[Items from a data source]
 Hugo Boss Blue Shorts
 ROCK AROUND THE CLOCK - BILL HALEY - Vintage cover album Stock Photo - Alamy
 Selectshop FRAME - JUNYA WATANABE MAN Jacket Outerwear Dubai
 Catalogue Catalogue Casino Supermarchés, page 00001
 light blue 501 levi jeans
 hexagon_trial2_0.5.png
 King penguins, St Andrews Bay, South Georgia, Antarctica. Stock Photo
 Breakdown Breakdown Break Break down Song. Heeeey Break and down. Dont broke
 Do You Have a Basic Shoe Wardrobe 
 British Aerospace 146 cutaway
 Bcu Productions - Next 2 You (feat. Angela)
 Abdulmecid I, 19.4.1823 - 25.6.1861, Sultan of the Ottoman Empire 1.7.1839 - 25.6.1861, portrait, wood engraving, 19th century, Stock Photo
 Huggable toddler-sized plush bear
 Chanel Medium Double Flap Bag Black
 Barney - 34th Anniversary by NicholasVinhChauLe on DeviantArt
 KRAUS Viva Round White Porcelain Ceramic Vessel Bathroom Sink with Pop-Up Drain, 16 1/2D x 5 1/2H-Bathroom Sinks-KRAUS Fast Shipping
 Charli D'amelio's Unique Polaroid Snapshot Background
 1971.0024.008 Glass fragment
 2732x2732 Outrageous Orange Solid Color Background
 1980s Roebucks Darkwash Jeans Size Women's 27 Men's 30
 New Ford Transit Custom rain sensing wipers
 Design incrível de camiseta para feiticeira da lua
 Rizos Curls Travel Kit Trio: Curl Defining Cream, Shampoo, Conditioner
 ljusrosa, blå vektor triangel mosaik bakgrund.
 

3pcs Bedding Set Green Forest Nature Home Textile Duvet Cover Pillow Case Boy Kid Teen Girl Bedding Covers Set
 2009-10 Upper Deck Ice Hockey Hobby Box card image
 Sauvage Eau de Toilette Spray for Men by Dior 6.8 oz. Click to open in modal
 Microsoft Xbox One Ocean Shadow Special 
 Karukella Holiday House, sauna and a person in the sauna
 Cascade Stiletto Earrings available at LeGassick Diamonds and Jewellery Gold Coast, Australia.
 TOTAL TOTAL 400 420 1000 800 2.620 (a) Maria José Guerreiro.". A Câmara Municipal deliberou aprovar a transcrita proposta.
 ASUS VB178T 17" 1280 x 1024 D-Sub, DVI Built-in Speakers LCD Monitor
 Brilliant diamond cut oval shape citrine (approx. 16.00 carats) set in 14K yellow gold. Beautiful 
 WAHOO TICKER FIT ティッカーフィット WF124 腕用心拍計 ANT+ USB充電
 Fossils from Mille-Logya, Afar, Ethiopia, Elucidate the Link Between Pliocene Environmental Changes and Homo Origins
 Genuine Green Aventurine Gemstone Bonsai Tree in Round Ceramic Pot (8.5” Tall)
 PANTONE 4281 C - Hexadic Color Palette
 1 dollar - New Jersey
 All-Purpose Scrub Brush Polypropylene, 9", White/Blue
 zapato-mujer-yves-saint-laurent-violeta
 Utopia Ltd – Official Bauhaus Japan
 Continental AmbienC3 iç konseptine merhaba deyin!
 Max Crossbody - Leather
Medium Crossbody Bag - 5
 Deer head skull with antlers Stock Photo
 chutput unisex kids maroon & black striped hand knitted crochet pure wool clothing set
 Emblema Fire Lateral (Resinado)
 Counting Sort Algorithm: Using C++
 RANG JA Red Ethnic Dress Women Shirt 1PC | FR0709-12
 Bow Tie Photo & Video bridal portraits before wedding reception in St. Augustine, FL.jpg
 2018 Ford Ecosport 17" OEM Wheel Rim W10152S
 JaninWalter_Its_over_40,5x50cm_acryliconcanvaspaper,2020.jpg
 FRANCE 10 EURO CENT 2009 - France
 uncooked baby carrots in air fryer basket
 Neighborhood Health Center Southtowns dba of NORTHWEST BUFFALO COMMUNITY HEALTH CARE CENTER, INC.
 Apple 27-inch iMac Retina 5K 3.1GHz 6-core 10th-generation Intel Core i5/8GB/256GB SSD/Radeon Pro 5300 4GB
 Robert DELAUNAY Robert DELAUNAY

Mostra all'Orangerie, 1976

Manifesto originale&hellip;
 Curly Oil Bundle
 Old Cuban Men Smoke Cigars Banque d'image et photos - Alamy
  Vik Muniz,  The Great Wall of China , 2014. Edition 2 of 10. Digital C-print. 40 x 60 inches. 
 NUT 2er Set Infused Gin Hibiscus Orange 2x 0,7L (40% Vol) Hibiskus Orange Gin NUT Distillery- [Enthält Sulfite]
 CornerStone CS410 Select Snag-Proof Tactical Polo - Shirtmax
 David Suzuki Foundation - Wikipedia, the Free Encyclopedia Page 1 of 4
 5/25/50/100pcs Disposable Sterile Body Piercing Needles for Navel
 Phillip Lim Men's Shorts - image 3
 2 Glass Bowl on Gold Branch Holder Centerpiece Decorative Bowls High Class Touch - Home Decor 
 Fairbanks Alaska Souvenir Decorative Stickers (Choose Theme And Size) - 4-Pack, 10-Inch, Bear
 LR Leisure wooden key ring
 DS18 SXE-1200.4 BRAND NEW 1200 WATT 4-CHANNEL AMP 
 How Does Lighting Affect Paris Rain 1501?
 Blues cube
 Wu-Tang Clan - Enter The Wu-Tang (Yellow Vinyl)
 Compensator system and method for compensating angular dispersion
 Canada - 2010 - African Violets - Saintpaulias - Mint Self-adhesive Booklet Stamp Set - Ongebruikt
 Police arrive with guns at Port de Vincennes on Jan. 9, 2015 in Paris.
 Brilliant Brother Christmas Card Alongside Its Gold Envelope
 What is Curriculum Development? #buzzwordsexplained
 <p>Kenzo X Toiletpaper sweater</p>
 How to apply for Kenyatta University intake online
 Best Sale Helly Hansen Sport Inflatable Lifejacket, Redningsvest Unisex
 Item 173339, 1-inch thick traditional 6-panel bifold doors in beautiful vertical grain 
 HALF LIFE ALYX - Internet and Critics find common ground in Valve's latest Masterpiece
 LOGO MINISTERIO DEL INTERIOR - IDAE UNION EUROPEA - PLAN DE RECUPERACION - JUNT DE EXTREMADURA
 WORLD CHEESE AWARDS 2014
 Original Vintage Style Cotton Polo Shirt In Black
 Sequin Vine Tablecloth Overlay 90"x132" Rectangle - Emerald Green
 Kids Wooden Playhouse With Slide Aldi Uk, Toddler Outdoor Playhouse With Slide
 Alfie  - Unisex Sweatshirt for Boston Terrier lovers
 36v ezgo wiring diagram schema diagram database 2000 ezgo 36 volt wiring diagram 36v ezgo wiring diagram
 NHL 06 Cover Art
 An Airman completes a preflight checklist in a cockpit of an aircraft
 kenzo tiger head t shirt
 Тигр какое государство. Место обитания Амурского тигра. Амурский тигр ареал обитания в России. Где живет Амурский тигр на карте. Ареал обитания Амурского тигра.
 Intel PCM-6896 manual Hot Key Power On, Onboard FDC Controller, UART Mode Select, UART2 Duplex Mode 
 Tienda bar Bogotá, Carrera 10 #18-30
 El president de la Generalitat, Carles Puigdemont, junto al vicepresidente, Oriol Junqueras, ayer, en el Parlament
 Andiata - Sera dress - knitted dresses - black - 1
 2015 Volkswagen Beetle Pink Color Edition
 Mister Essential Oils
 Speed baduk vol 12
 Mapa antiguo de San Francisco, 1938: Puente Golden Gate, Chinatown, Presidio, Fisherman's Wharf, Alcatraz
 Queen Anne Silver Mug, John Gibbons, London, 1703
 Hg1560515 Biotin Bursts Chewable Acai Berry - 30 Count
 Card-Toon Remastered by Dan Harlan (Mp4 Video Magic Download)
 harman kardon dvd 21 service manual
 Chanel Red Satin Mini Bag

EXERCISE AIM
Your answer must be a single number: the count of lines in the data that contain the string "Home".

YOUR SOLUTION
2